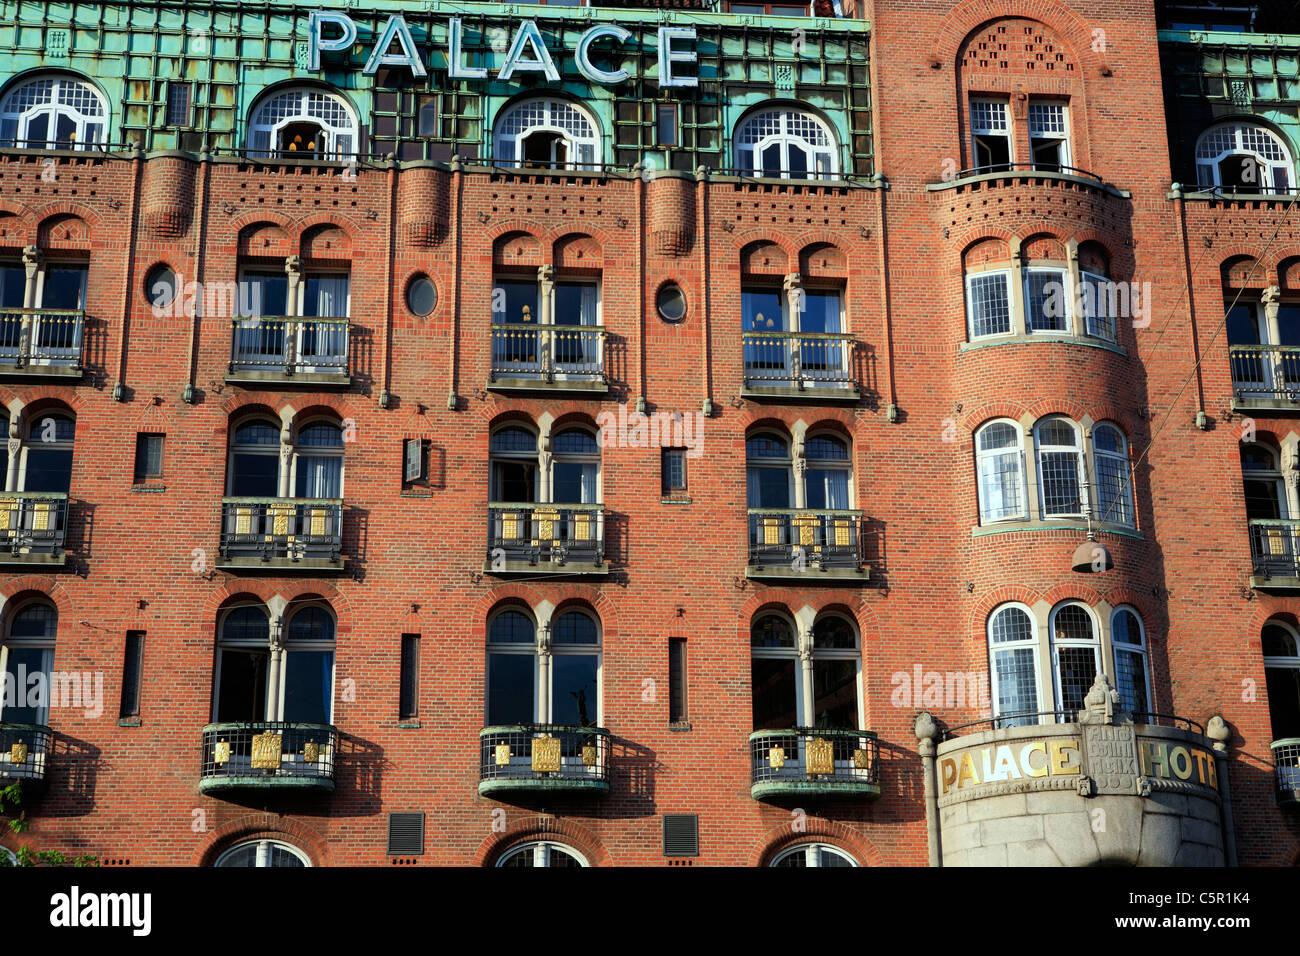 Palace Hotel (1906-1910, architect Anton Rosen), Copenhagen, Denmark - Stock Image
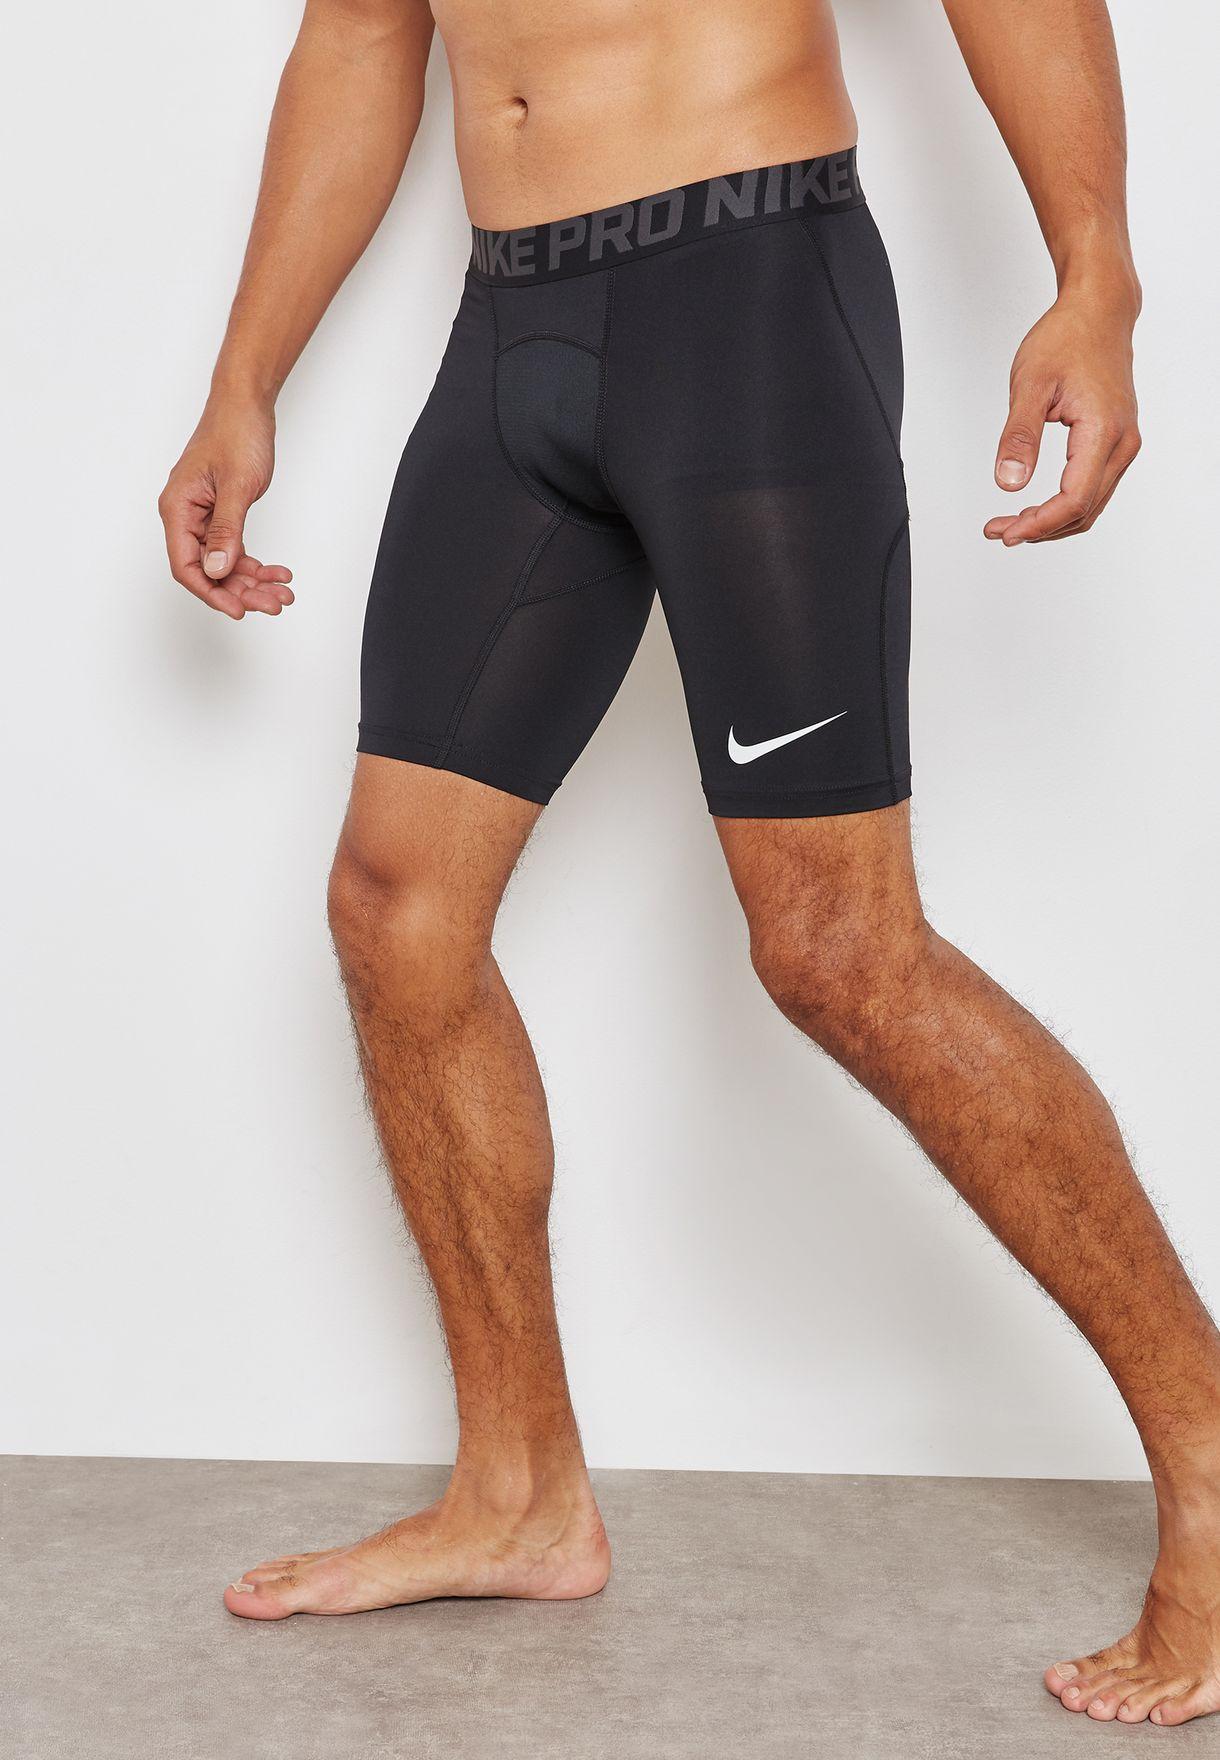 350f701610e Shop Nike black Pro Compression Shorts 838061-010 for Men in UAE ...
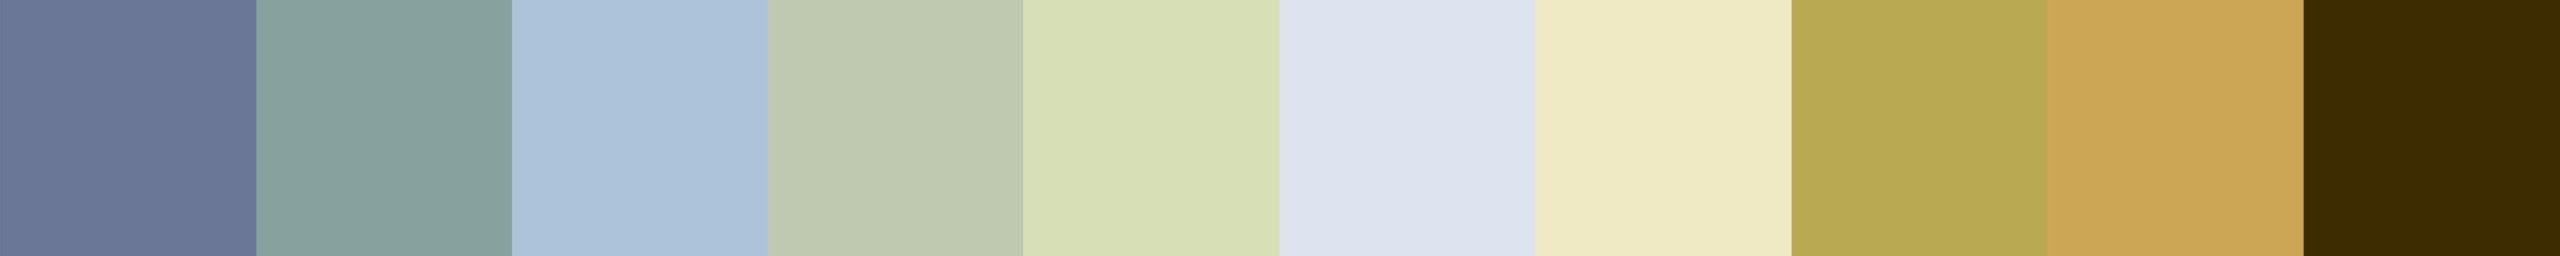 281 Antedafia Color Palette

------------------------------------------------------------------------

» Task to carry out:
Find the line with "350f701610e Shop Nike" in the listing and extract it and all lines after it through the end, exactly, without the pictures.

» Your solution:
 350f701610e Shop Nike black Pro Compression Shorts 838061-010 for Men in UAE ...
 281 Antedafia Color Palette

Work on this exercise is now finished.